Richard
Richard

Reputation: 65510

Postgres: How to JOIN

I am working on Postgres 9.3. I have two tables, the first for payment items:

                   Table "public.prescription"
      Column       |          Type           |                             Modifiers
-------------------+-------------------------+--------------------------------------------------------------------
 id                | integer                 | not null default nextval('frontend_prescription_id_seq'::regclass)
 presentation_code | character varying(15)   | not null
 presentation_name | character varying(1000) | not null
 actual_cost       | double precision        | not null
 pct_id            | character varying(3)    | not null

And the second for organisations:

           Table "public.pct"
      Column       |          Type           | Modifiers
-------------------+-------------------------+-----------
 code              | character varying(3)    | not null
 name              | character varying(200)  |

I have a query to get all the payments for a particular code:

SELECT sum(actual_cost) as total_cost, pct_id as row_id 
FROM prescription 
WHERE presentation_code='1234' GROUP BY pct_id

Here is the query plan for that query.

Now, I'd like to annotate each row with the name property of the associated organisation. This is what I'm trying:

SELECT sum(prescription.actual_cost) as total_cost, prescription.pct_id, pct.name as row_id
FROM prescription, pct
WHERE prescription.presentation_code='0212000AAAAAAAA'
GROUP BY prescription.pct_id, pct.name;

Here's the ANALYSE for that query. It's incredibly slow: what am I doing wrong?

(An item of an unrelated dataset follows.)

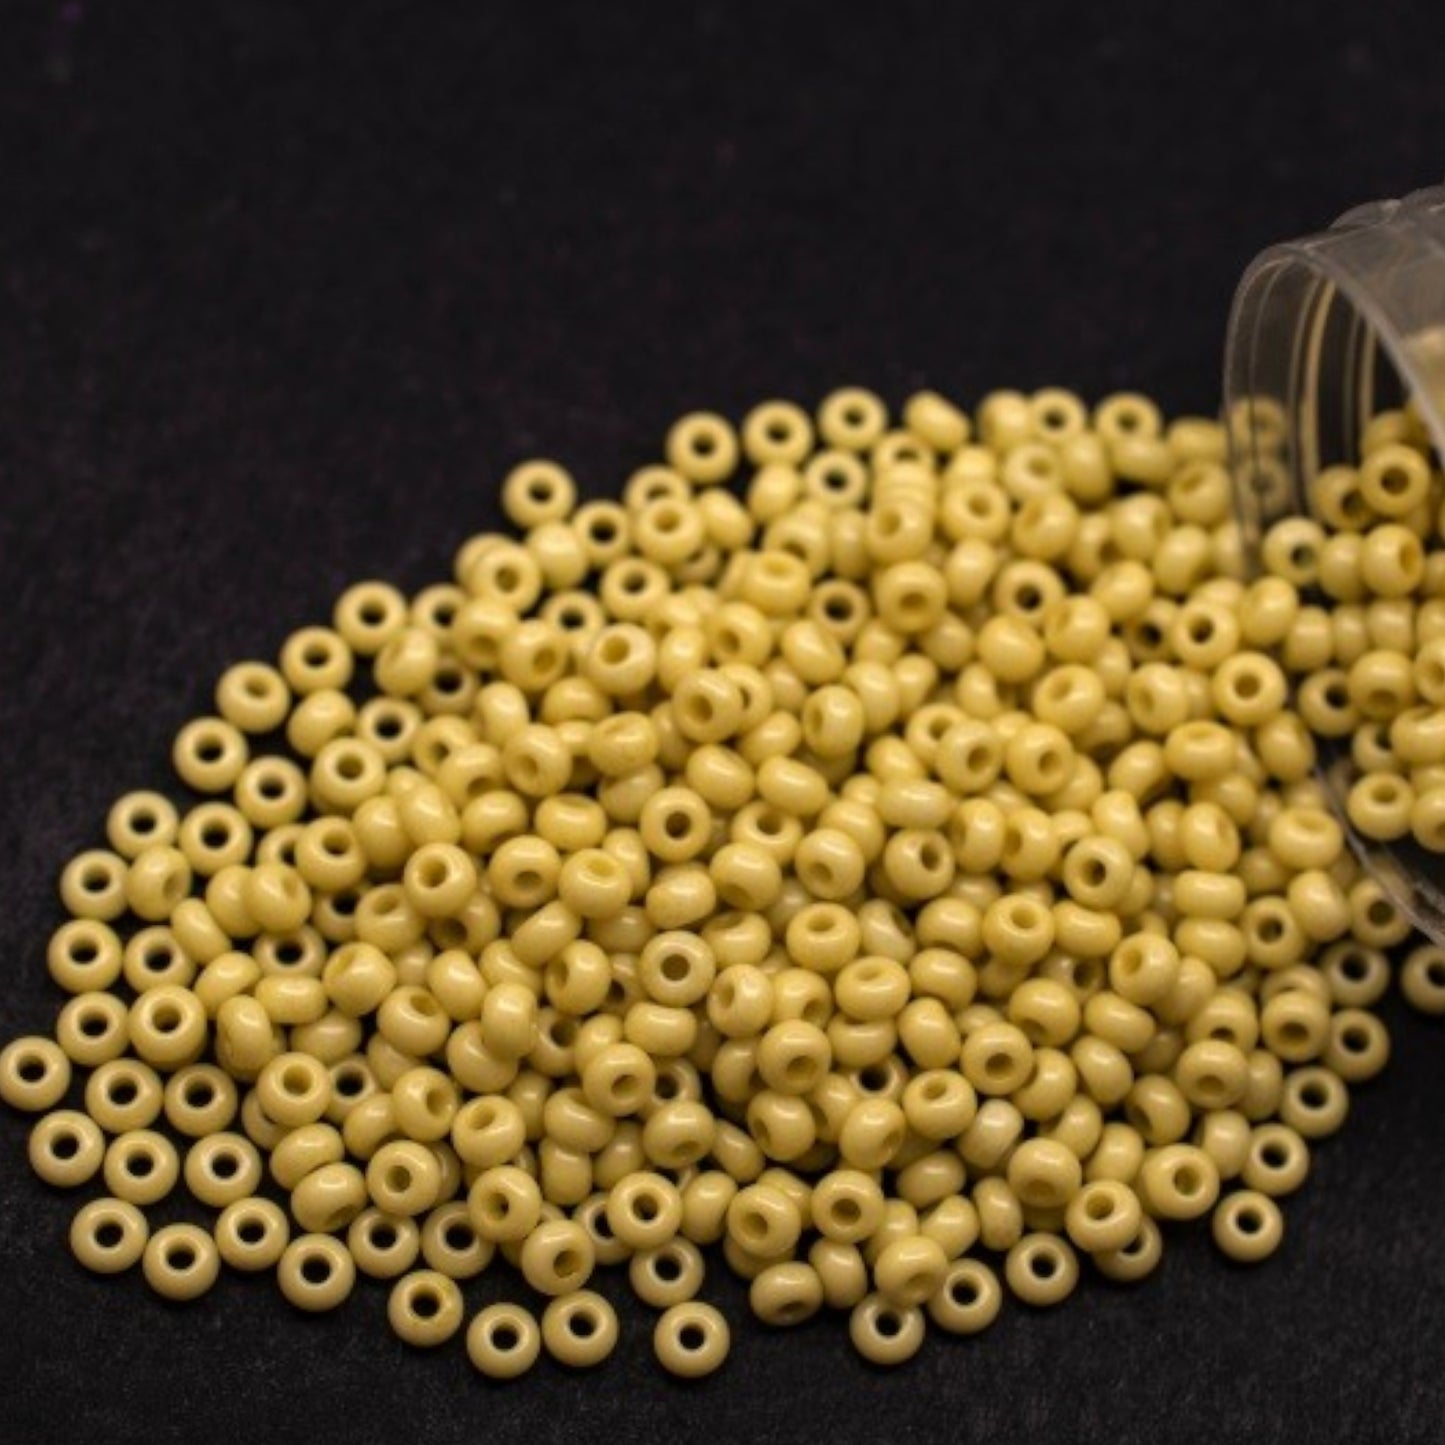 03651 Czech seed beads PRECIOSA round 10/0 light yellow. Chalk - Solgel Dyed.
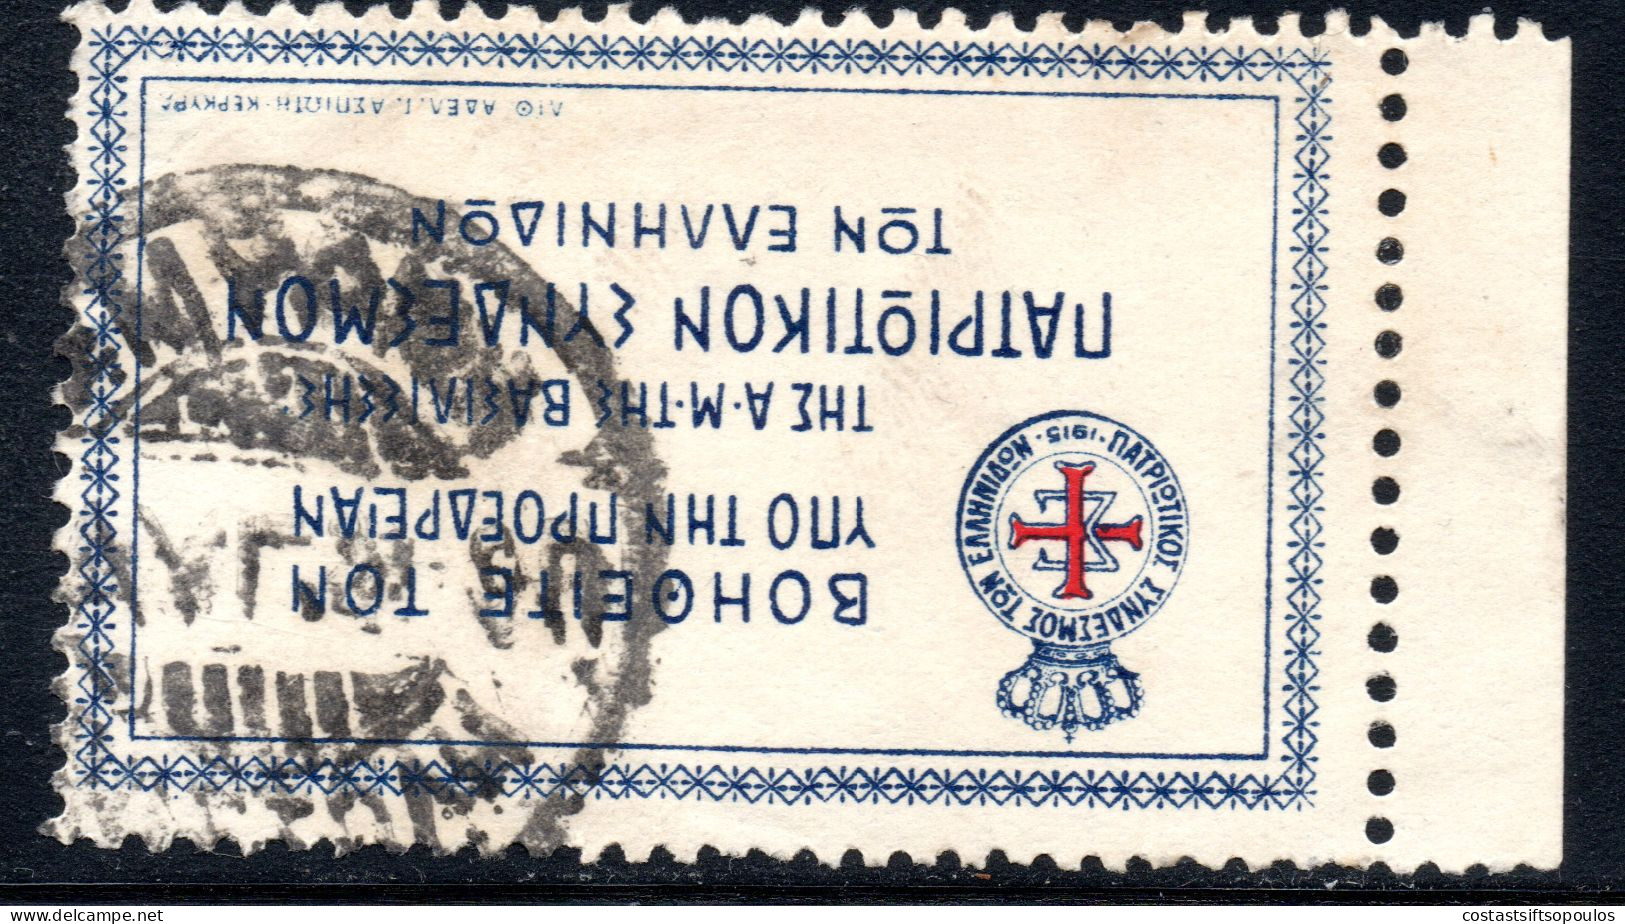 1967.GREECE. MINOR ASIA CAMPAIGN. (5 L.) WOMEN'S PATRIOTIC LEAGUE 1921 SMYRRNE POSTMARK - Smyrma & Kleinasien

I think there must be a way to annotate each row with the pct.name AFTER the first query has run, which would be faster.

Upvotes: 0

Views: 99

Answers (2)

Patrick
Patrick

Reputation: 32161

You are taking data from 2 tables, but you do not join the tables in any way. Effectively, you make a full join, resulting in the Cartesian product of both tables. If you look at your ANALYZE statistics, you see that your nested loop processes 62 million rows. that takes time.

Add in a join condition to make this all fast:

SELECT sum(prescription.actual_cost) as total_cost, prescription.pct_id, pct.name as row_id
FROM prescription
JOIN pct On pct.code = prescription.pct_id
WHERE prescription.presentation_code = '0212000AAAAAAAA'
GROUP BY prescription.pct_id, pct.name;

Upvotes: 0

fa44
fa44

Reputation: 420

With JOIN (LEFT JOIN in this case, because we want the line even if there is no pct):

SELECT 
    sum(prescription.actual_cost) as total_cost,
    prescription.pct_id,
    pct.name as row_id
FROM prescription
    LEFT JOIN pct ON pct.code = prescription.pct_id
WHERE 
    prescription.presentation_code='0212000AAAAAAAA'
GROUP BY 
    prescription.pct_id,
    pct.name;

I don't know if it's work well, I didn't try this query.